There is a very interesting bug, called processionary caterpillars, they have developed a technique of finding food,  they follow the caterpillar in front, no matter what, forming long lines of caterpillars walking all according to the first guy criteria. One scientific called Jean-Henri Fabre once decided to test the limits of this bugs, he guided the front  caterpillar (and therefore make the entire column follow) until he put the front one just behind the last caterpillar, forming a circle, there was no more front leader but no one bothered to wonder that, they just followed one another. They continued and continued marching; the scientist decided to put them to a test and placed food inches away. How long until they get tired of this and go to eat or rest? He left the caterpillars walking in the circle and he discovered something amazing.

The caterpillar followed the behavior for a week until starving to death, no thinking, just acting even if that means a slow death with food inches away.

Pretty similar to some behaviors we follow sometimes, when it matter the most, we tend relay more on hard coded behaviors, reacting and not choosing our actions.

We can connect this with the anatomy of the brain, were we can distinguish 3 main pieces.

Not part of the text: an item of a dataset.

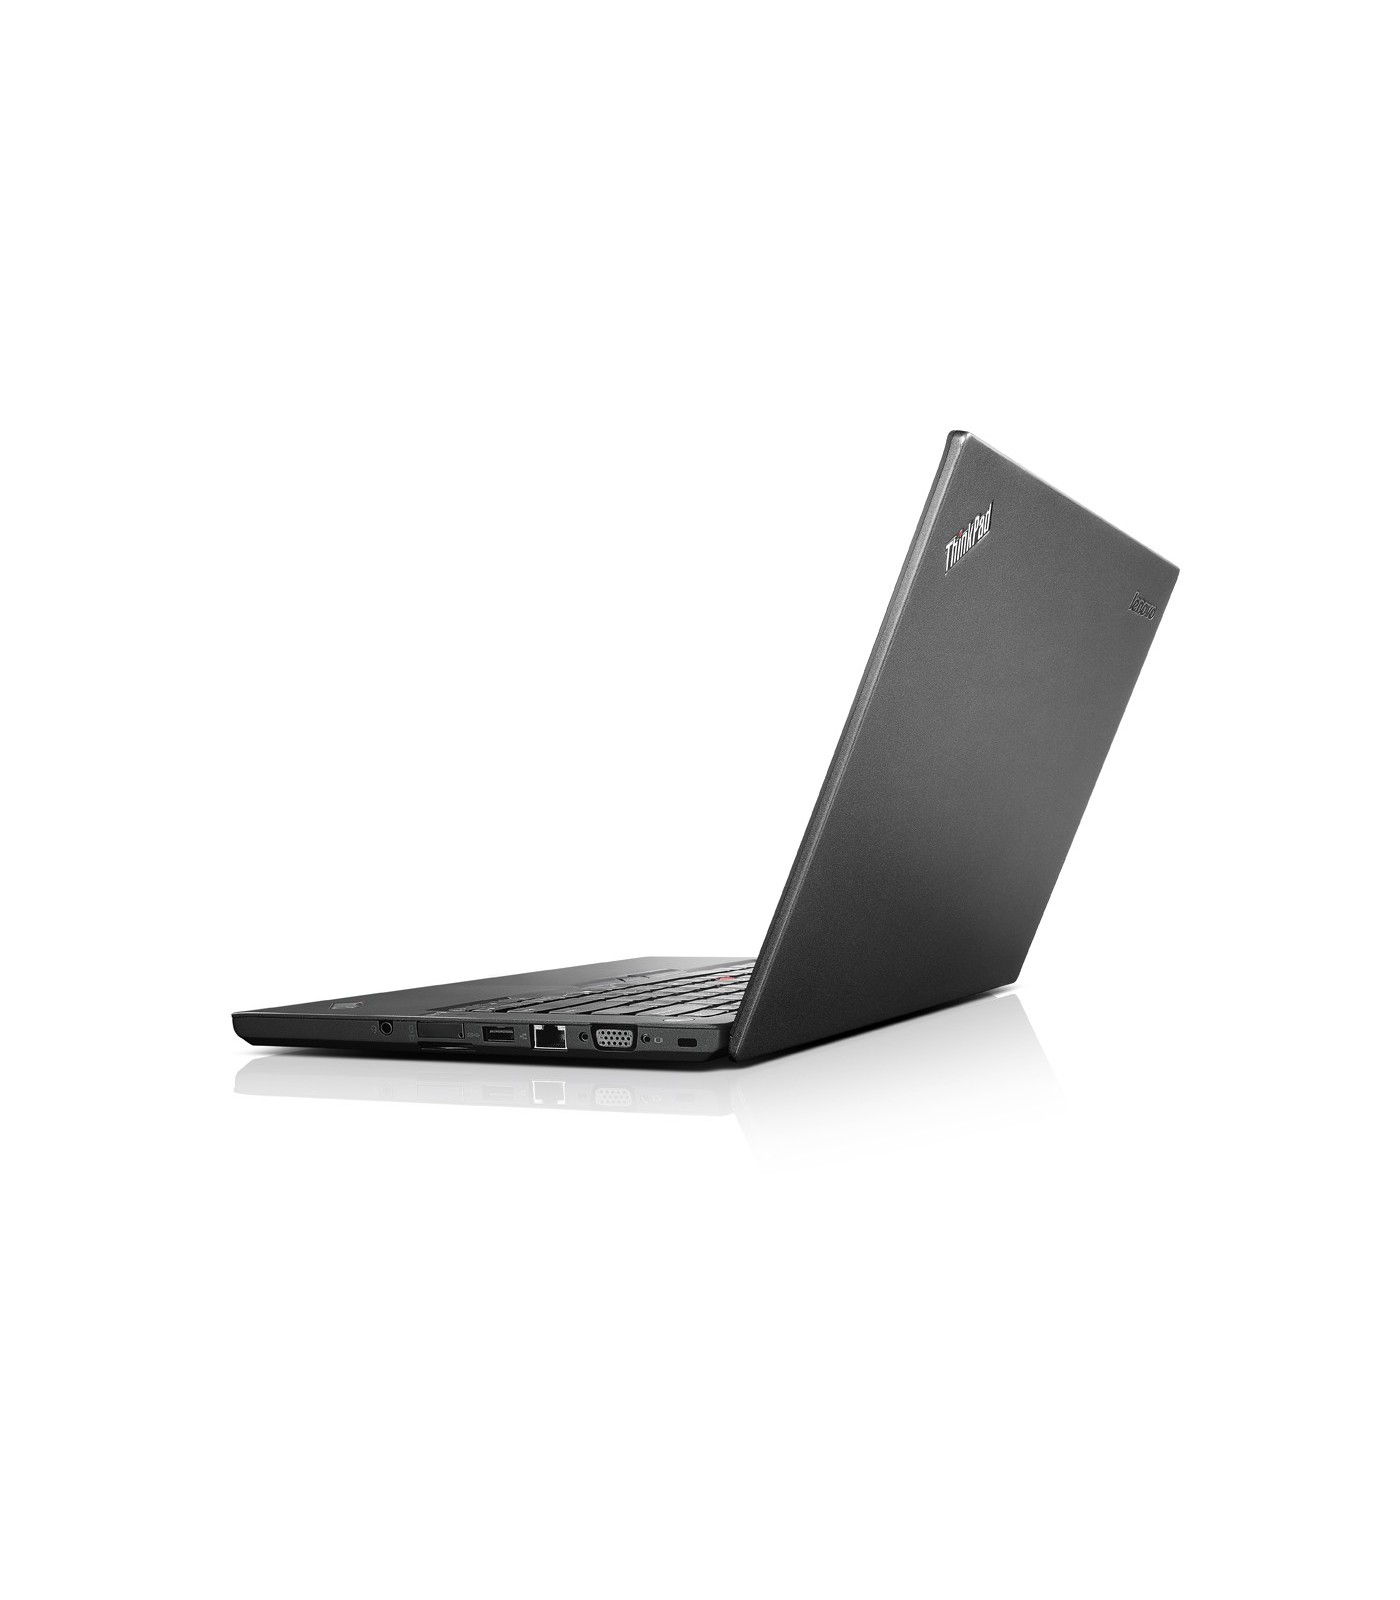 Poleasingowy laptop Lenovo ThinkPad T450s z Intel Core i5-5300U w Klasie A

The cortex and neo cortex (rational thinking), the limbic brain (emotional center) and the automatic brain (breathing and basic functions center).

Usually when we think we use the Cortex, it’s much slower than the other parts and it needs to take breaks (like when you day dream) but it’s capable of solving problems, planning, and high level tasks.

When you connect a past experience to the present and act without thinking, that is when the limbic brain is in control, remember that dog that bite you as a kid?, every time you react to dogs with fear it’s for that reason, that is the limbic brain in full, it never rests, its 100 times faster than the cortex and it can highjack your entire body and cause stress, fear and other feelings.

There are many techniques to control yourself on this circumstances, and an entire set of books around Emotional Intelligence that connect to this, but the first and most step is to understand in ourselves the animal within so we can someday learn to tame it.